KhronosGroup / Vulkan-Docs

The Vulkan API Specification and related tools
Other
2.7k stars 452 forks source link

`VkSamplerYCbCrConversion` should document that no transfer function is applied #2356

Open colinmarc opened 2 months ago

colinmarc commented 2 months ago

Hi, I've encountered a confusing area of the spec that I believe could use some clarification.

My understanding is that when sampling a YUV semi- or multiplanar texture with a VkSamplerYCbCrConversion in a shader, the resulting sampled values are generally the nonlinear R', G', and B'. That's because of how YCbCr works; it's an extra encoding step on top of RGB values that were already nonlinearized by some transfer function[^1][^2]. So for example if an sRGB picture is encoded in YCbCr using the BT.709 conversion, the values in the shader will be nonlinear sRGB values.

It's not a big problem for the user to do that step themselves in the shader, but it does fly a bit in the face of intuition, given that sampling sRGB textures always results in linear values - Vulkan does the linearization for the user. Furthermore, even a savvy user might be confused about the fact that they passed in a ycbcrModel, such as VK_SAMPLER_YCBCR_MODEL_CONVERSION_YCBCR_709, but that that only represents the matrix transform, not the transfer function applied to the underlying color values. This is extra confusing since Rec. 709 (the document) specifies both the transfer function and the matrix transform.

The easiest API for users would add a field to VkSamplerYcbcrConversionCreateInfo to specify the transfer function - defaulting to linear, obviously, for backwards compatibility - so that shaders can operate only on linear values just like they do with sRGB textures. Failing that, I wonder if this could not be called out a bit more explicitly in the documentation. For example, the following note could be added to the documentation for ycbcrModel:

Note: this refers to the YCbCr conversion into R', G', and B', not to the transfer function applied to produce those values, despite the transfer function and the YCbCr conversion often having the same name.

Thanks for reading!

[^1]: The reason for this is historical, as discussed in ITU report BT.2246-8: it was easier to dump the nonlinear values out to CRT screens if they were already in the right space. [^2]: With the exception of the BT.2020-CL conversion, which operates on "constant luminance".

fluppeteer commented 1 month ago

Sorry for the delayed response.

We could certainly add a note to make it more obvious that the transformation applies only to the colour matrix; I'll try to ensure that happens, and apologies for any confusion caused in the meantime.

The lack of transfer function support was because, at least at the time, nobody had dedicated hardware to implement any transfer function other than sRGB (I'm not aware of this having changed). Since it would be a software implementation anyway and developers may wish to take short cuts (such as ignoring the linear region), and may be unnecessary in the simple case of copying converted data, it was left to the user.

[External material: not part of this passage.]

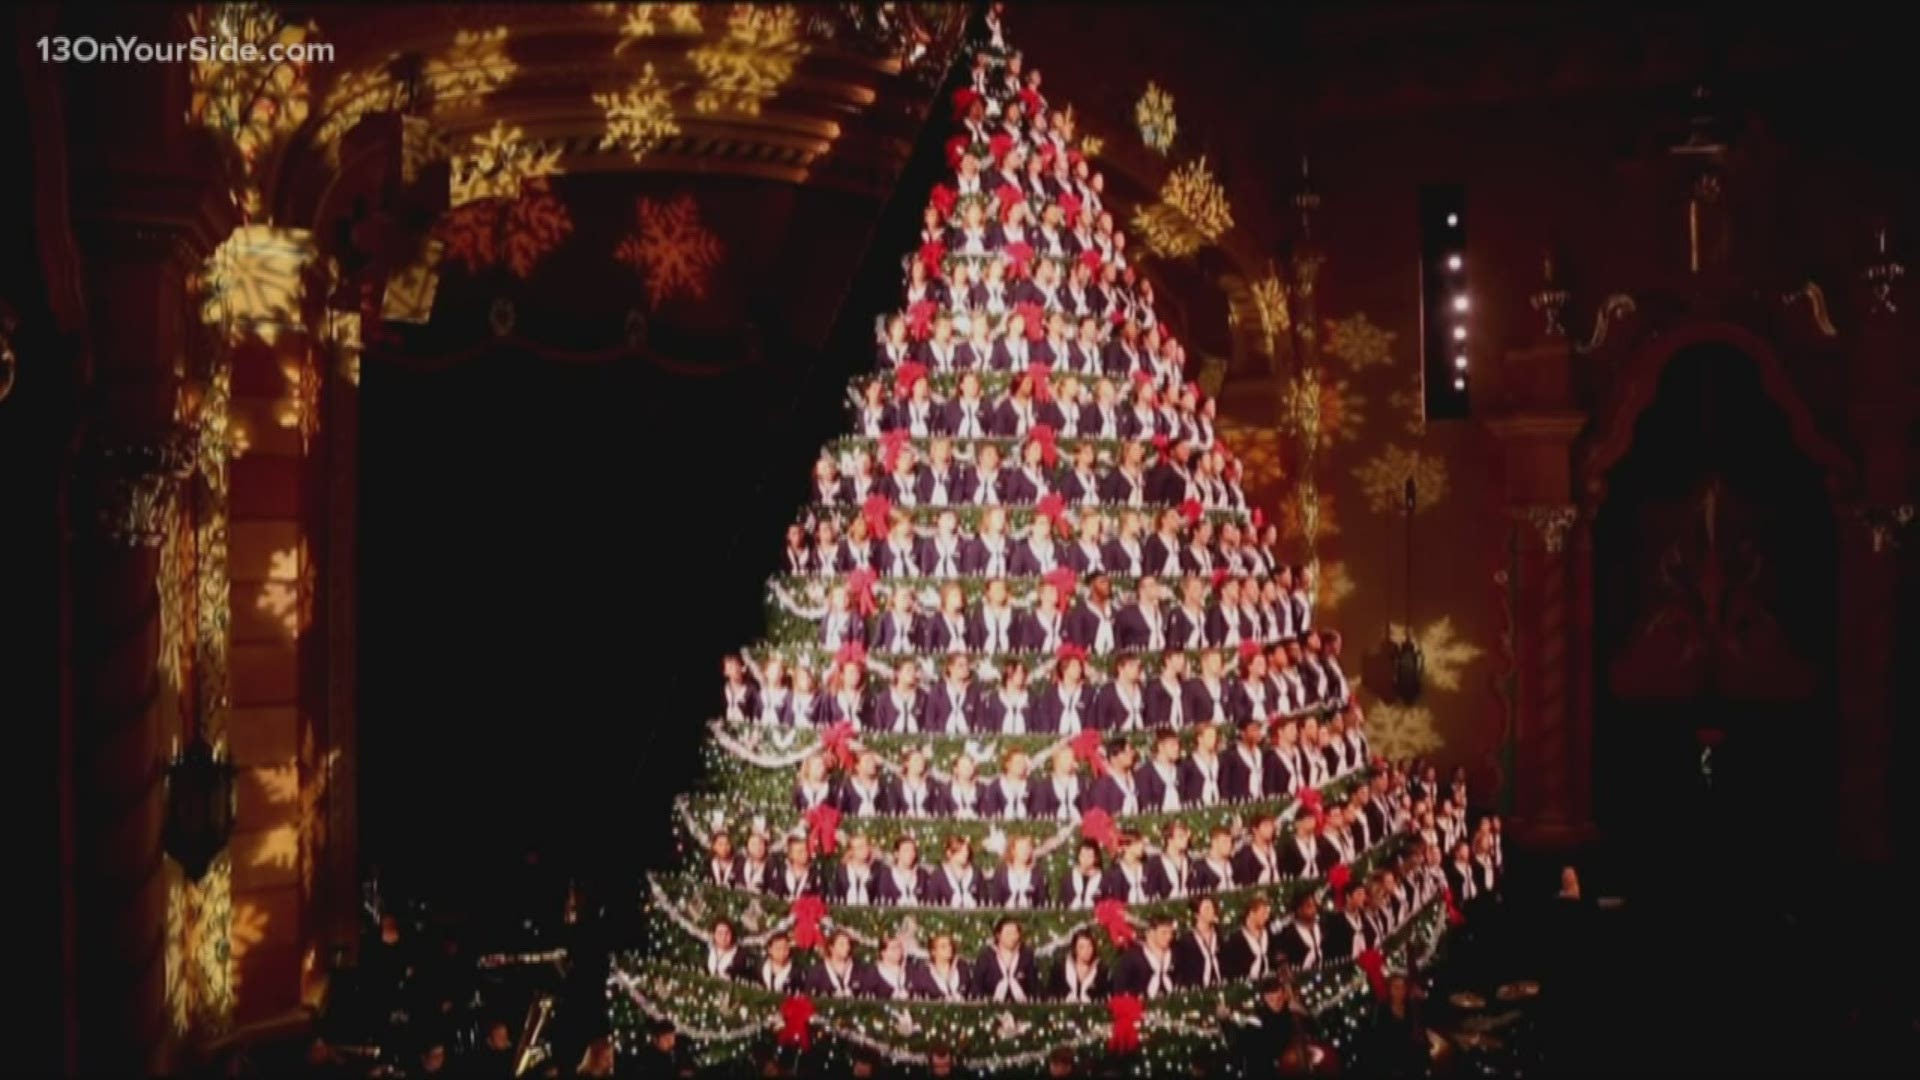 The Mona Shores Singing Christmas Tree program is teaming up with American Legion Post 28 in Grand Haven to put on a special holiday show.

Strictly speaking, using the ITU transfer functions on BT.601/709/2020 gives you linear illumination in scene-referred space, but since there is an implicit OOTF you may or may not want to be filtering in that space anyway (you may want to apply the OOTF and work in display-referred space - or not, depending on what you're doing).

With the increasing support for Vulkan video and the proliferation of HDR, we might start to see more support in the future, so I would not rule out the API getting an update that might include both YcCbcCrc (as you mention for "constant luminance") and HLG, and ICtCp/PQ support - and potentially also HDR still formats (now HEIF is popular). I wouldn't hold your breath, but when and if that comes and people have hardware support, we'd certainly want to make the transfer function configurable; I'm a bit wary of updating the API to include any transfer function without adding full flexibility, and I suspect there won't be wider support until hardware is widespread.

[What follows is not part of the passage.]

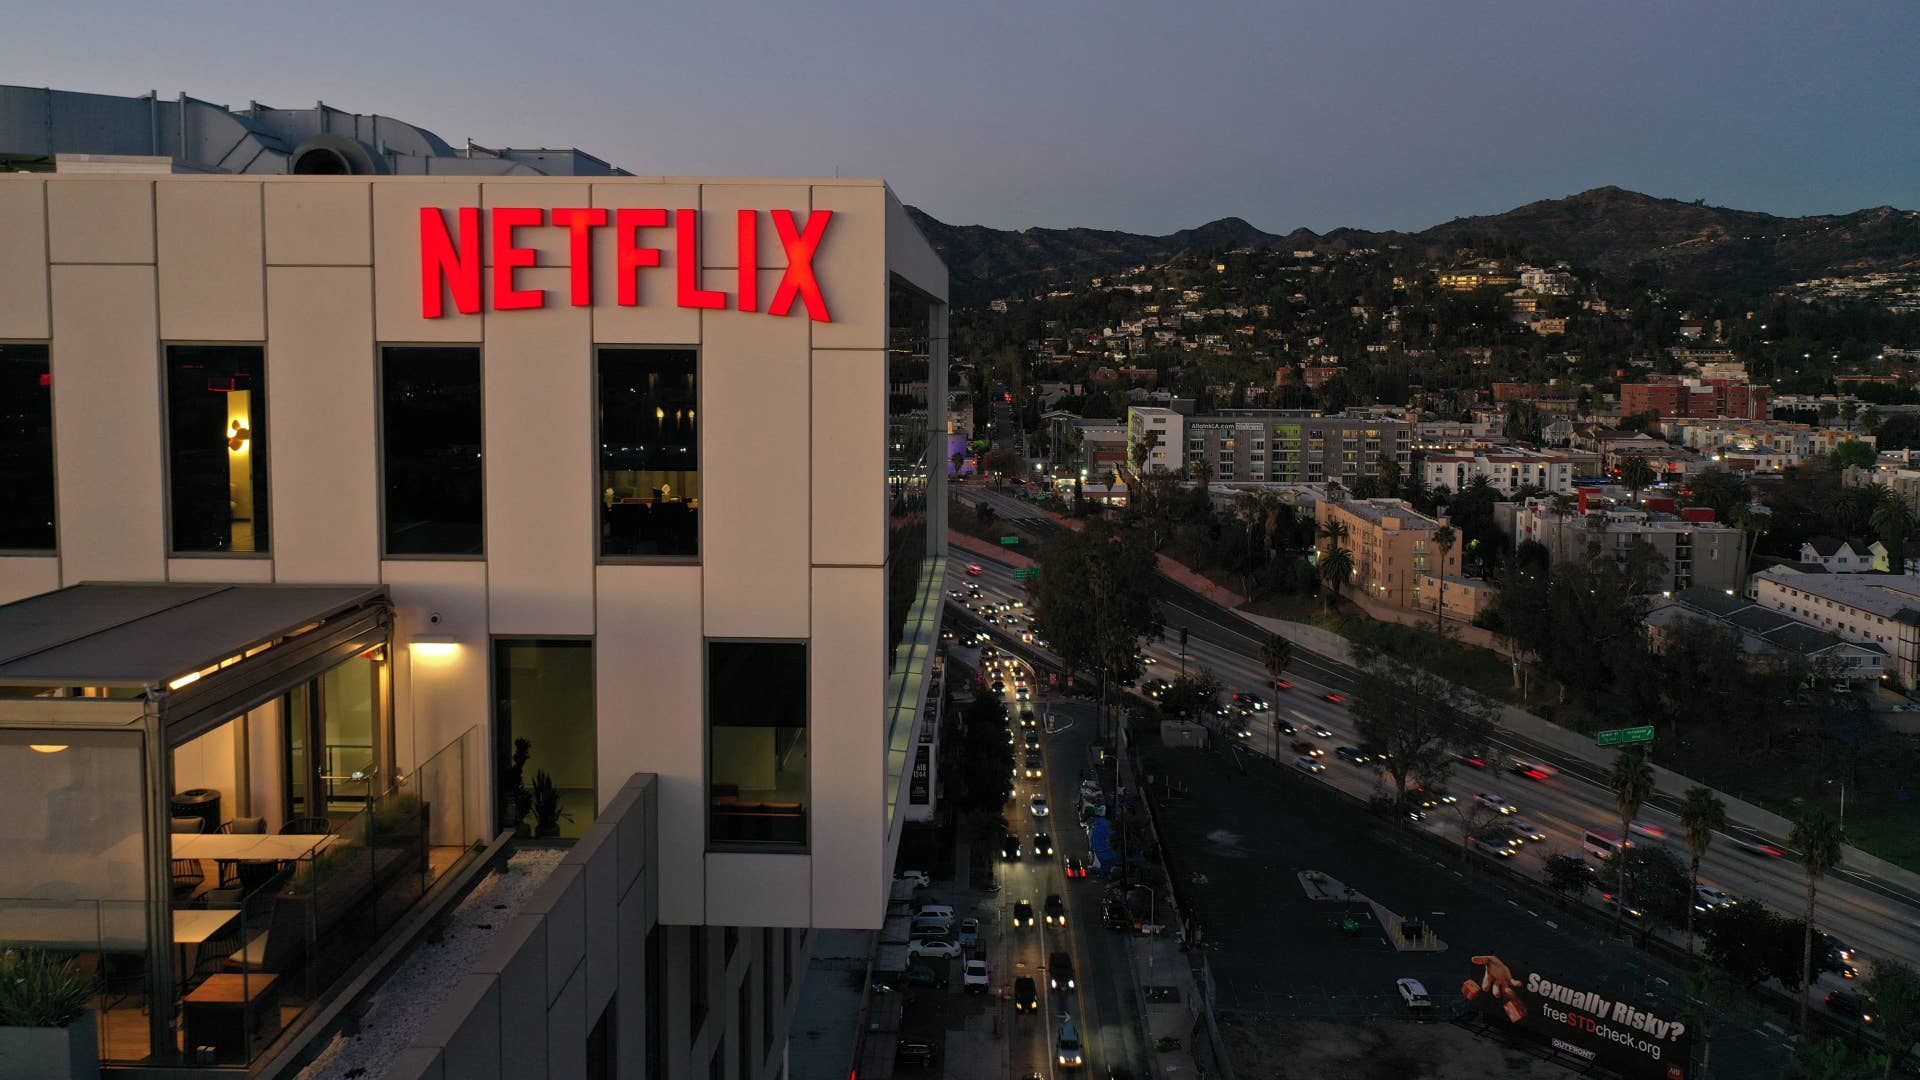 The Netflix building and skyline is shown

If it helps, our colleagues at Qualcomm point out the existence of VK_QCOM_ycbcr_degamma, which applies the sRGB transfer function to make the image... less nonlinear. They note that this is also not necessarily doing the transfer function in "the right place" relative to the filtering, but it can save some shader work if the approximation is good enough.

Thanks for your interest in this area and for the feedback!